Kazuna Taguchi’s picture of a young woman copying a Velásquez also references the old masters. The photographers in the show, Kazuna Taguchi and Elizabeth Lennard, apply painterly gestures to their prints. Taguchi often adds a step of brushwork, seen in The eyes of Eurydice #23 near the torn edges on the image of an eye, which she then re-photographs. Lennard’s Gérard in a Shell is from her 1970s series Hommes-objets during which she photographed men posing like classical statuary and then delicately hand-tinted the images. Saturated with digitally combined gouache hues of green, magenta, and gold, the Femmes de Pierre series revives monuments to actresses and writers in Parisian gardens.

Sculpting in clay, Soshiro Matsubara and Grant Falardeau share an admiration for aged and textured materials.
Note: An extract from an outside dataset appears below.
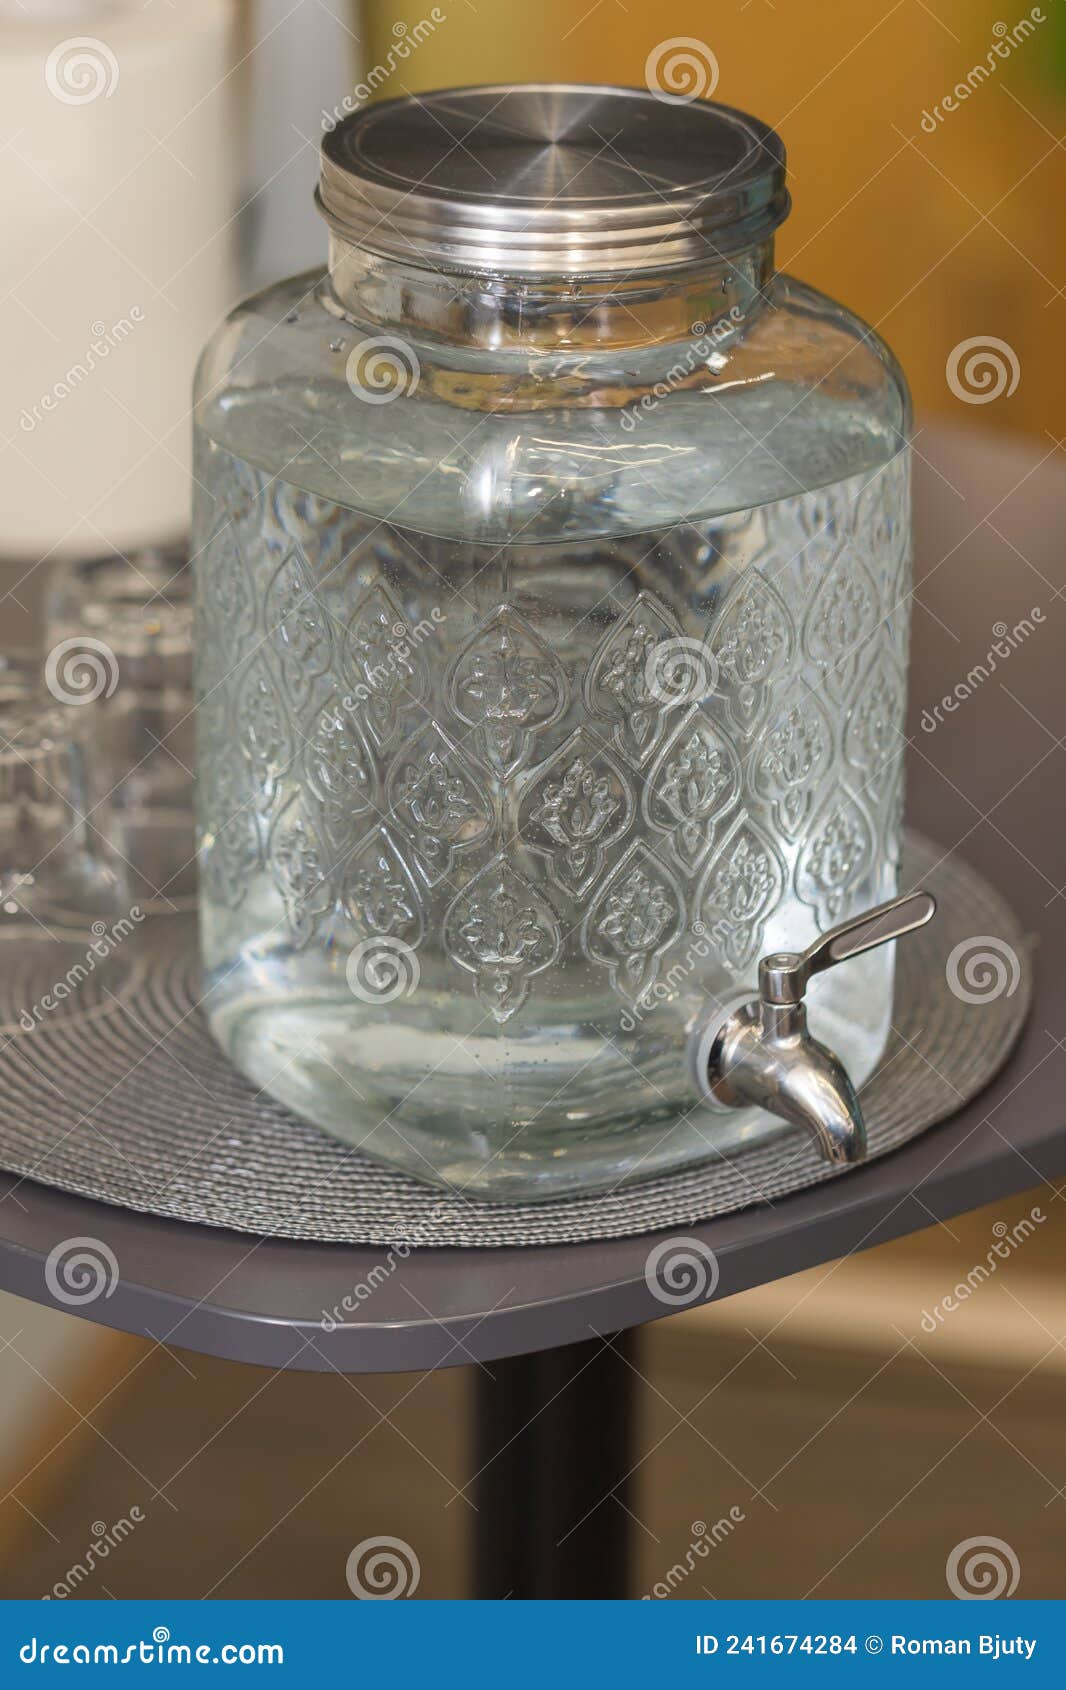 Homemade Glass Water Container Stands on the Table. the Container Has a  Water Tap Stock Photo - Image of lifestyle, glass: 241674284

Falardeau’s busts and figures carry faint suggestions of their faces, as if eroded by time. Gracefully propped up by wood and ceramic supports, Matsubara’s figures call attention to their own mortality.

Alexandra Noel, Josefine Reisch, and Alan Reid’s enigmatic works borrow the directness of diagrams and signage but evade quick legibility. Reisch re-assembles objects such as fashion accessories and picture frames into images that consider how taste circulates. Noel includes two paintings on stones with patterns similar to her precisely painted gradients. Reid’s pieces combine eras of type, textile, and ornament like a reference book for style. His painting spells out the heart of the show: E-R-O-S.